| Collected data |
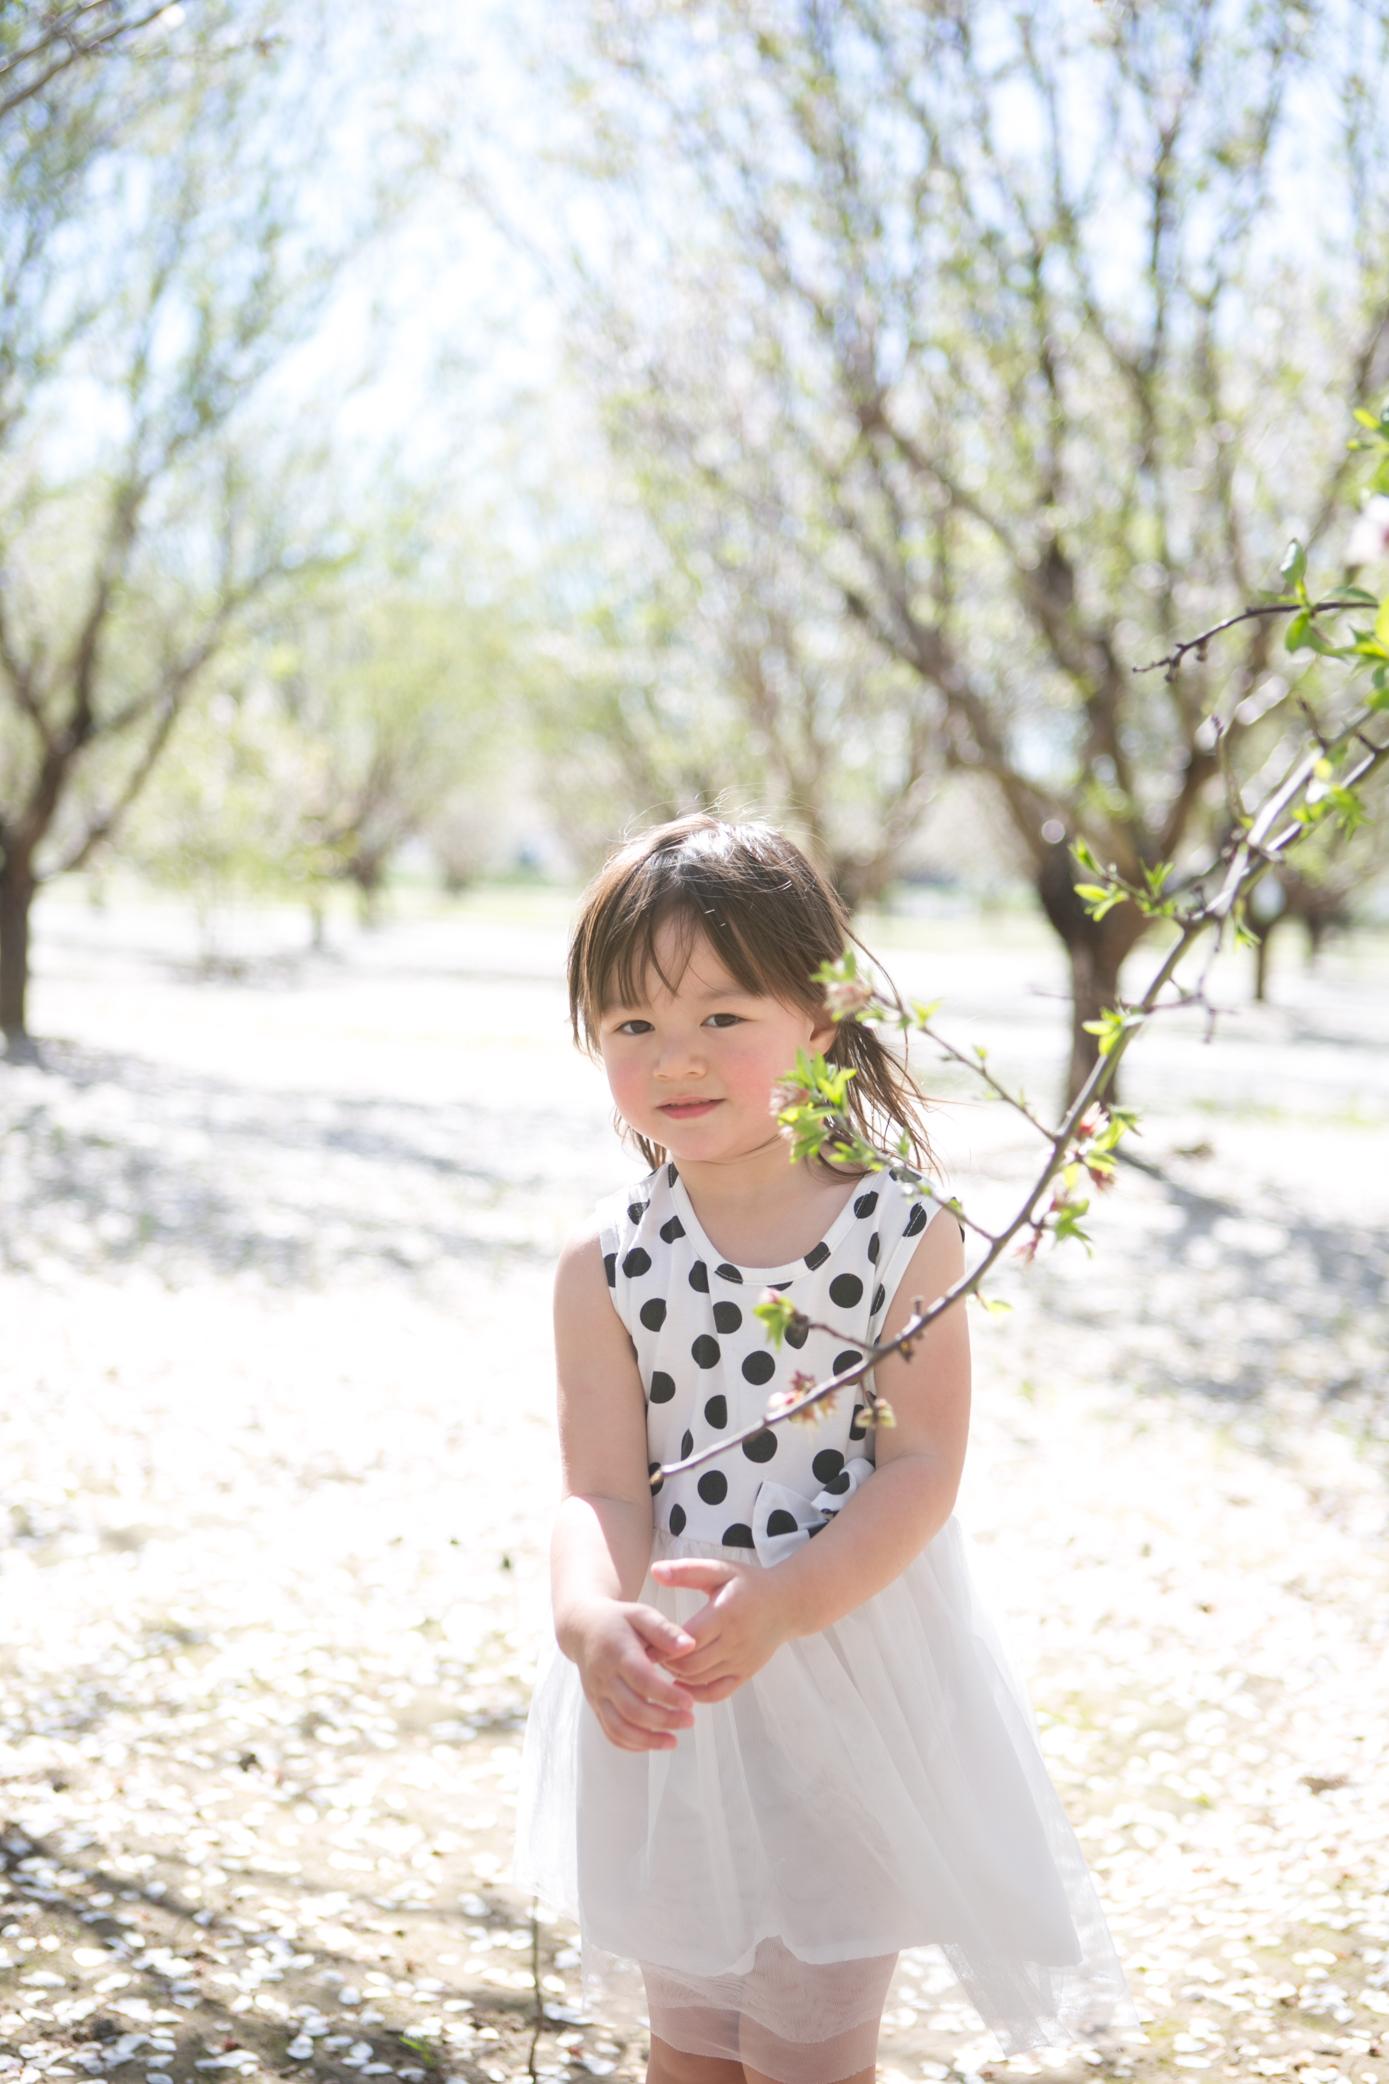 Roseville Family Photographer Lifestyle Family Photography - Michelle Chang Photography
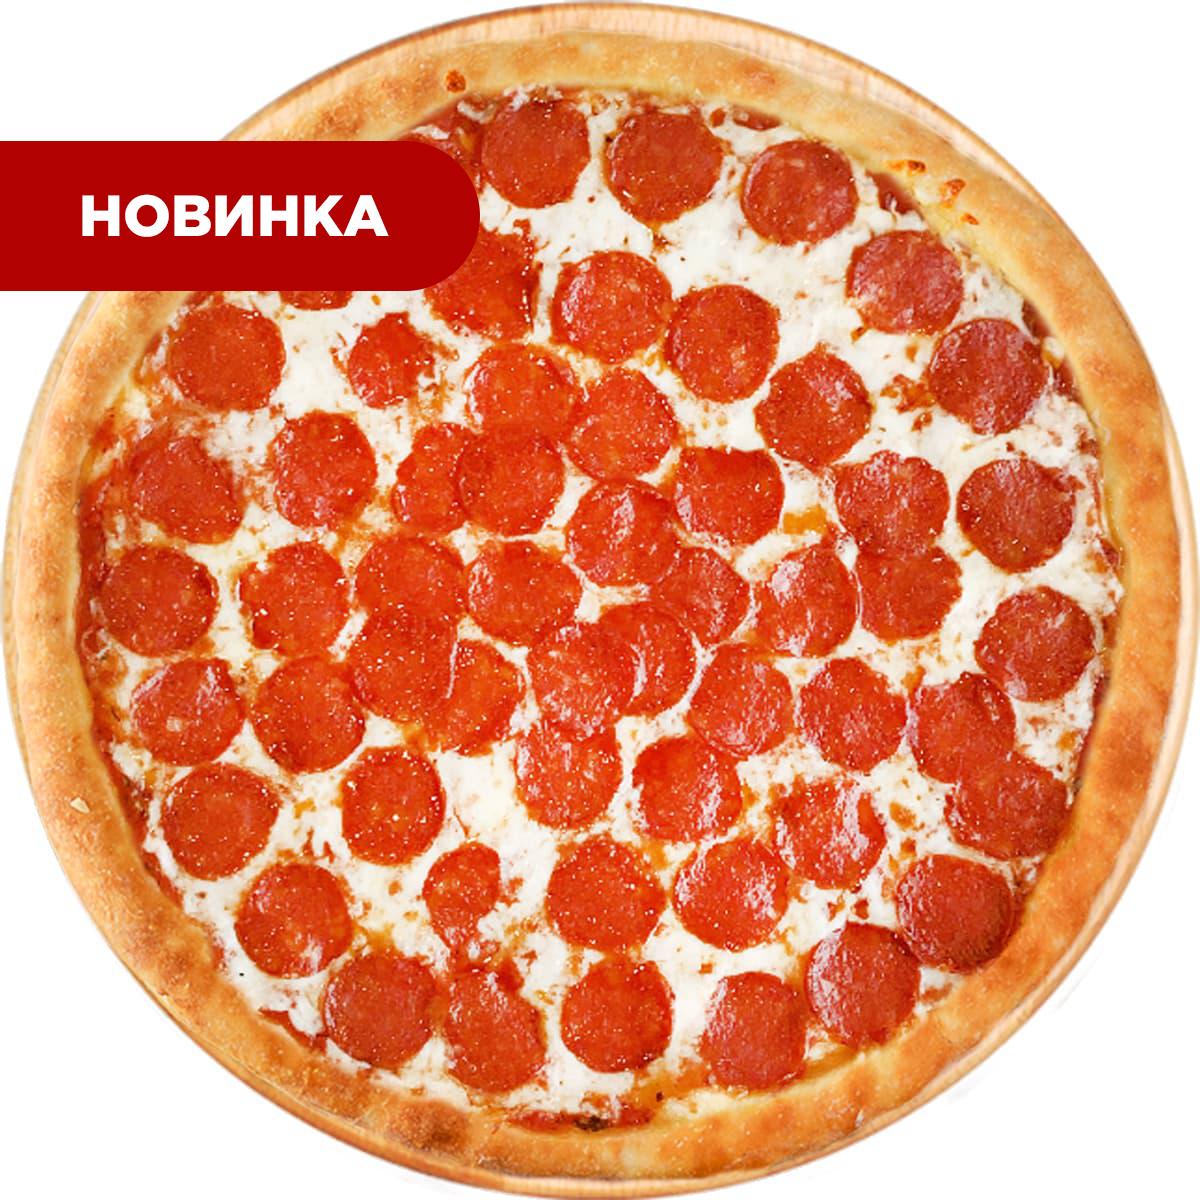 пицца дабл пепперони новинка
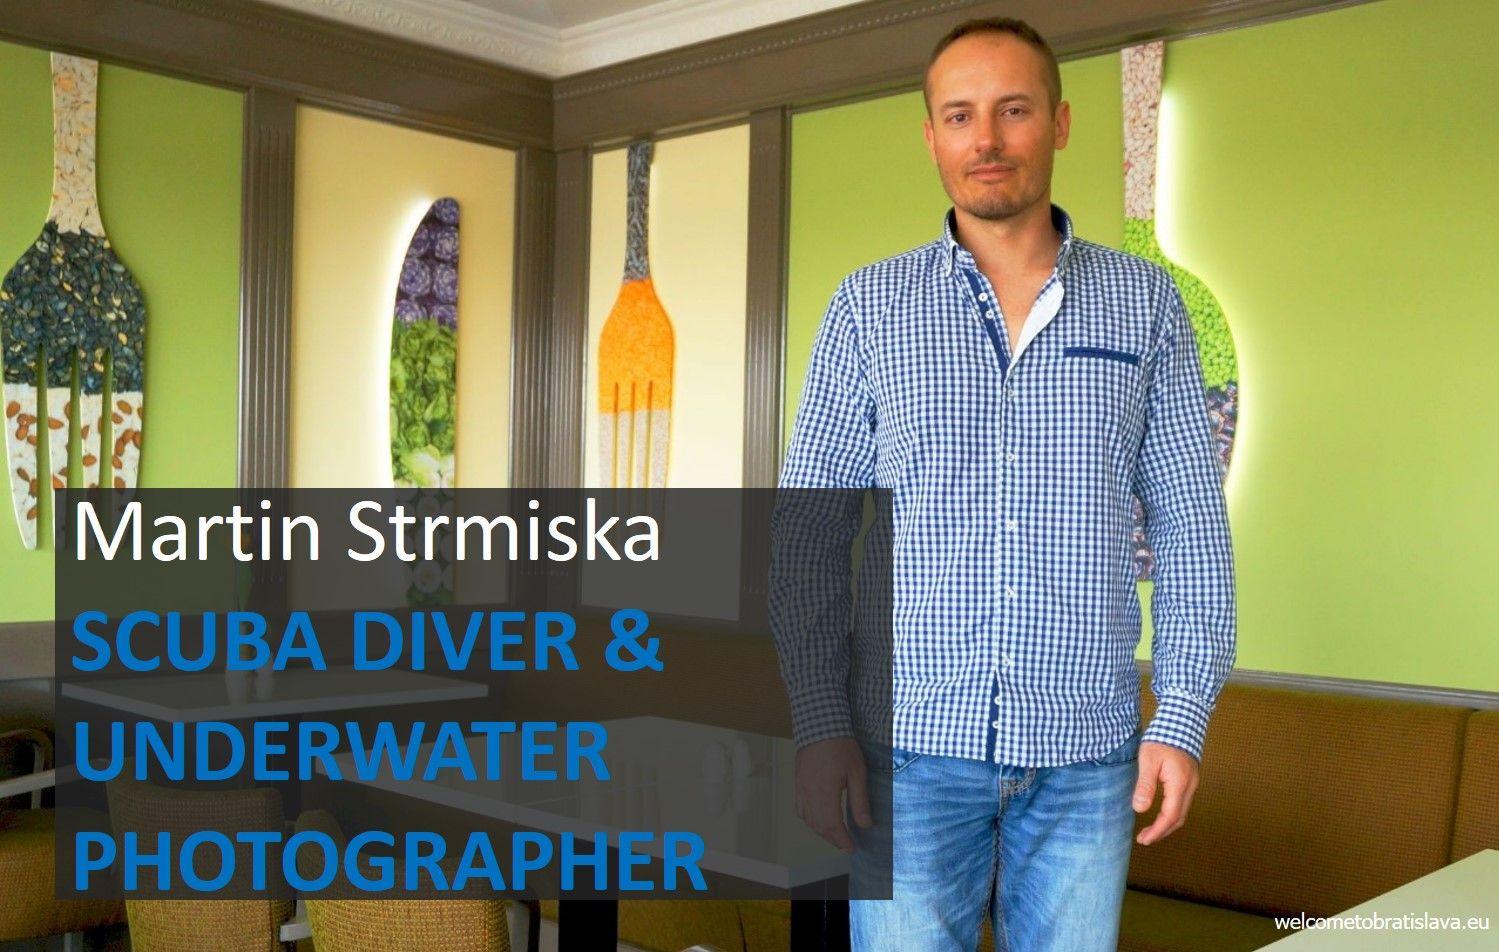 Martin Strmiska_HumansOfBratislava_MainPicture2
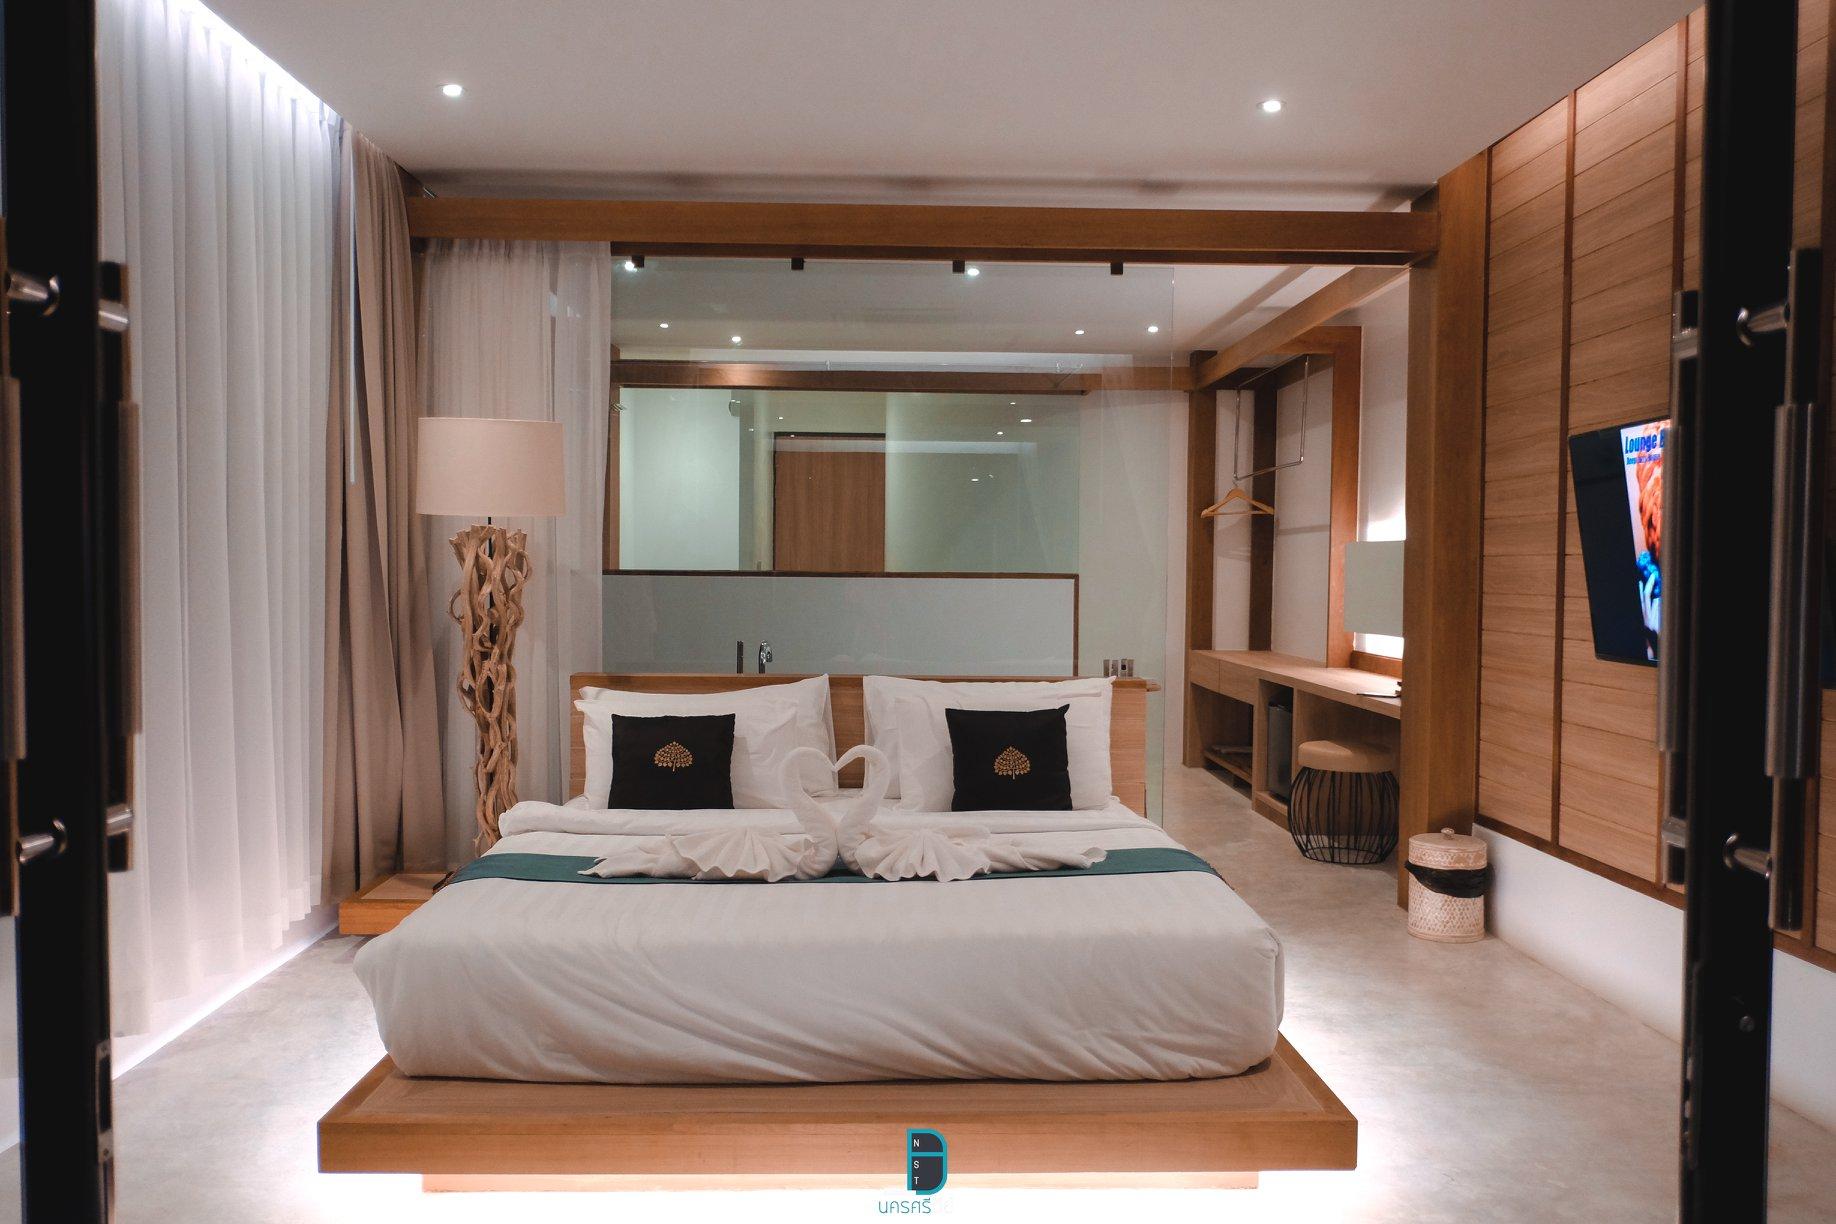 4.-Sichon-Cabana-Beach-Resort คลิกที่นี่ ที่พัก,นครศรีธรรมราช,เที่ยว,เมืองคอน,วิวหลักล้าน,สวย

| How to complete this task |
Full transcription of the material, exact in every line, without images.

| Exercise answer |
 Roseville Family Photographer Lifestyle Family Photography - Michelle Chang Photography
 пицца дабл пепперони новинка
 Martin Strmiska_HumansOfBratislava_MainPicture2
 4.-Sichon-Cabana-Beach-Resort คลิกที่นี่ ที่พัก,นครศรีธรรมราช,เที่ยว,เมืองคอน,วิวหลักล้าน,สวย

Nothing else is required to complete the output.